Large-scale data clustering is a crucial task in addressing big data challenges. However, existing approaches often struggle to efficiently and effectively identify different types of big data, making it a significant challenge. In this paper, we propose a novel sample-based clustering algorithm, which is very simple but extremely efficient, and runs in about O(n×r) expected time, where n is the size of the dataset and r is the category number. The method is based on two key assumptions: (1) The data of each sufficient sample should have similar data distribution, as well as category distribution, to the entire data set; (2) the representative of each category in all sufficient samples conform to Gaussian distribution. It processes data in two stages, one is to classify data in each local sample independently, and the other is to globally classify data by assigning each point to the category of its nearest representative category center. The experimental results show that the proposed algorithm is effective, which outperforms other current variants of clustering algorithm.

Profiling the energy consumption of AGVs

J. Leng, J. Peng, J. Liu, Y. Zhang, J. Ji and Y. Zhang, rofiling Power Consumption in Low-Speed Autonomous Guided Vehicles, IEEE Robotics and Automation Letters, vol. 9, no. 7, pp. 6027-6034, July 2024 DOI: 10.1109/LRA.2024.3396051.

The increasing demand for automation has led to a rise in the use of low-speed Autonomous guided vehicles (AGVs). However, AGVs rely on batteries for their power source, which limits their operational time and affects their overall performance. To optimize their energy usage and enhance their battery life, it is crucial to understand the power consumption behavior of AGVs. This letter presents a comprehensive study on profiling power consumption in low-speed AGVs. The previous power consumption estimation models for AGVs were mostly based on physical formulas. We introduce a data-driven power consumption estimation model for each of the main components of the AGV, including the chassis, computing platform, sensors and communication devices. By conducting three actual driving tests, we show that the MAPE in estimating instantaneous power is 4.8%, a significant 8.1% improvement compared to using a physical model. Moreover, the MAPE for energy consumption is only 1.5%, which is 6.6% better than the physical model. To demonstrate the utility of our power consumption estimation models, we conduct two case studies – one is energy-efficient path planning and the other is energy-efficient perception task interval adjustment. This study demonstrates that integrating the power consumption estimation model into path planning reduces energy consumption by over 12%. Additionally, adjusting detection interval lowers computational energy consumption by 10.1%.

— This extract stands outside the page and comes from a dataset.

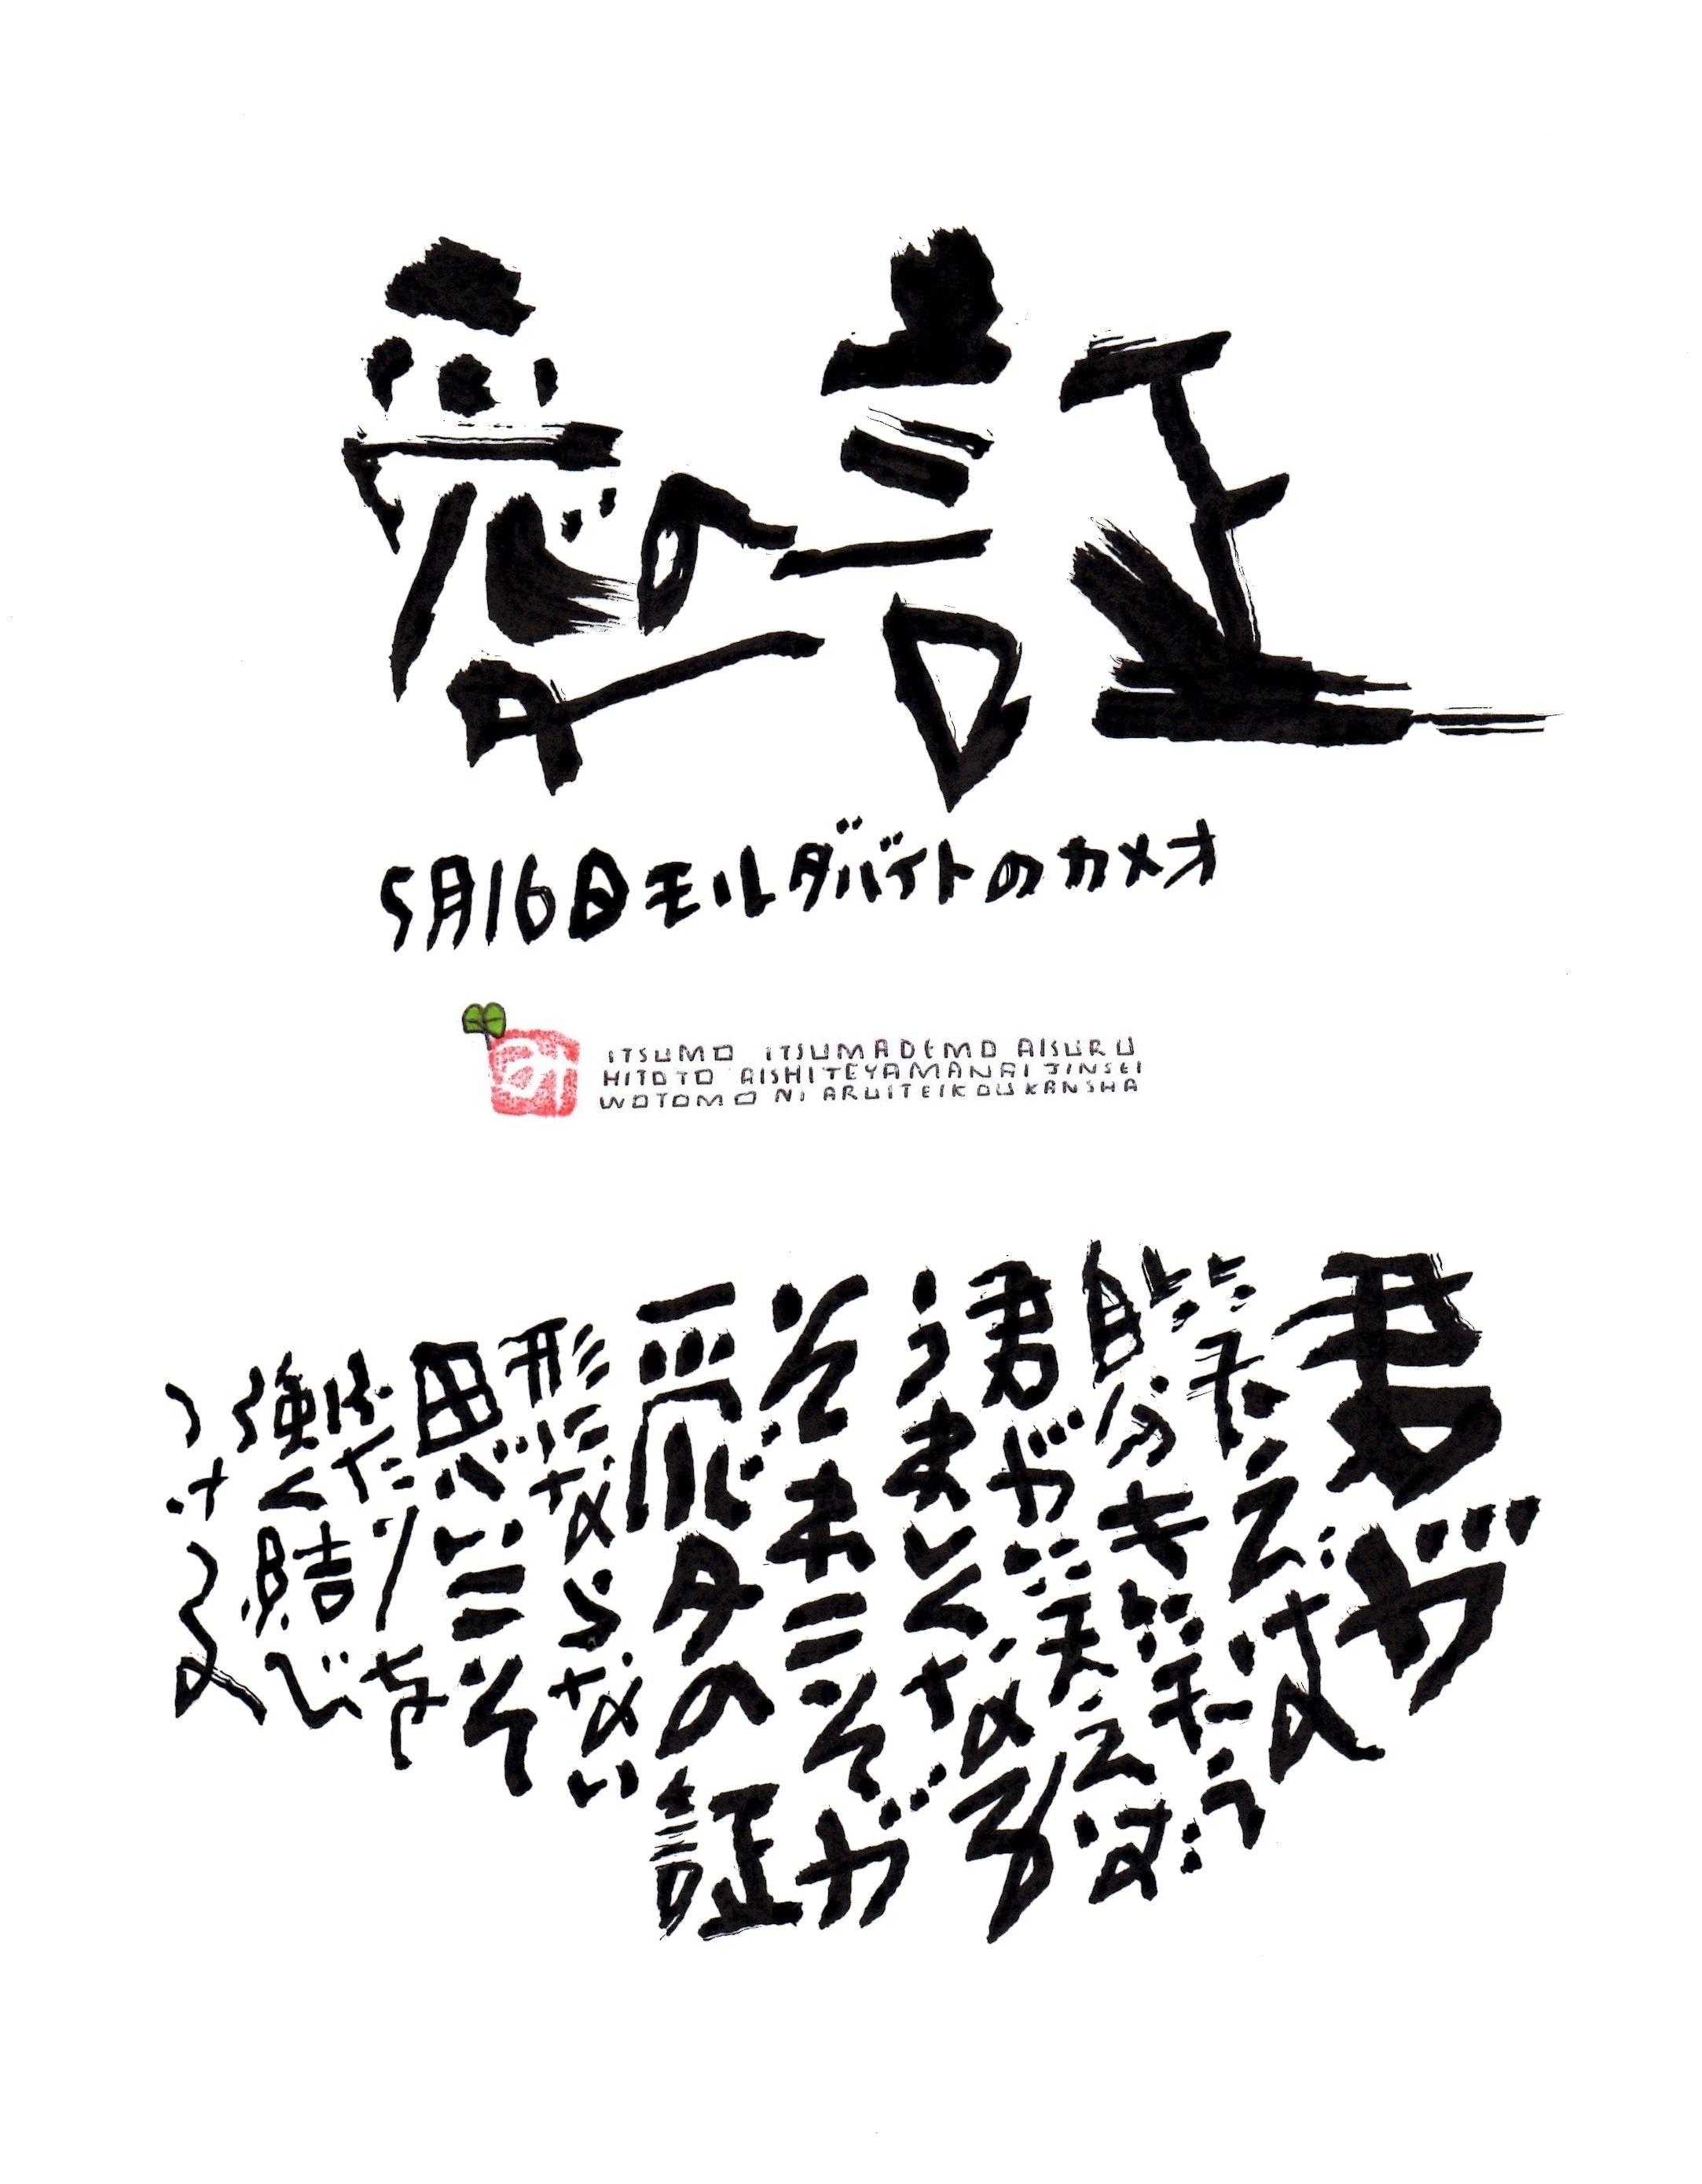 5月16日 結婚記念日ポストカード【愛の証】

Thermodynamics as a way of identifying hierarchies

Morten L. Kringelbach, Yonatan Sanz Perl, Gustavo Deco, The Thermodynamics of Mind, Trends in Cognitive Sciences, Volume 28, Issue 6, 2024, Pages 568-581 DOI: 10.1016/j.tics.2024.03.009.

To not only survive, but also thrive, the brain must efficiently orchestrate distributed computation across space and time. This requires hierarchical organisation facilitating fast information transfer and processing at the lowest possible metabolic cost. Quantifying brain hierarchy is difficult but can be estimated from the asymmetry of information flow. Thermodynamics has successfully characterised hierarchy in many other complex systems. Here, we propose the ‘Thermodynamics of Mind’ framework as a natural way to quantify hierarchical brain orchestration and its underlying mechanisms. This has already provided novel insights into the orchestration of hierarchy in brain states including movie watching, where the hierarchy of the brain is flatter than during rest. Overall, this framework holds great promise for revealing the orchestration of cognition.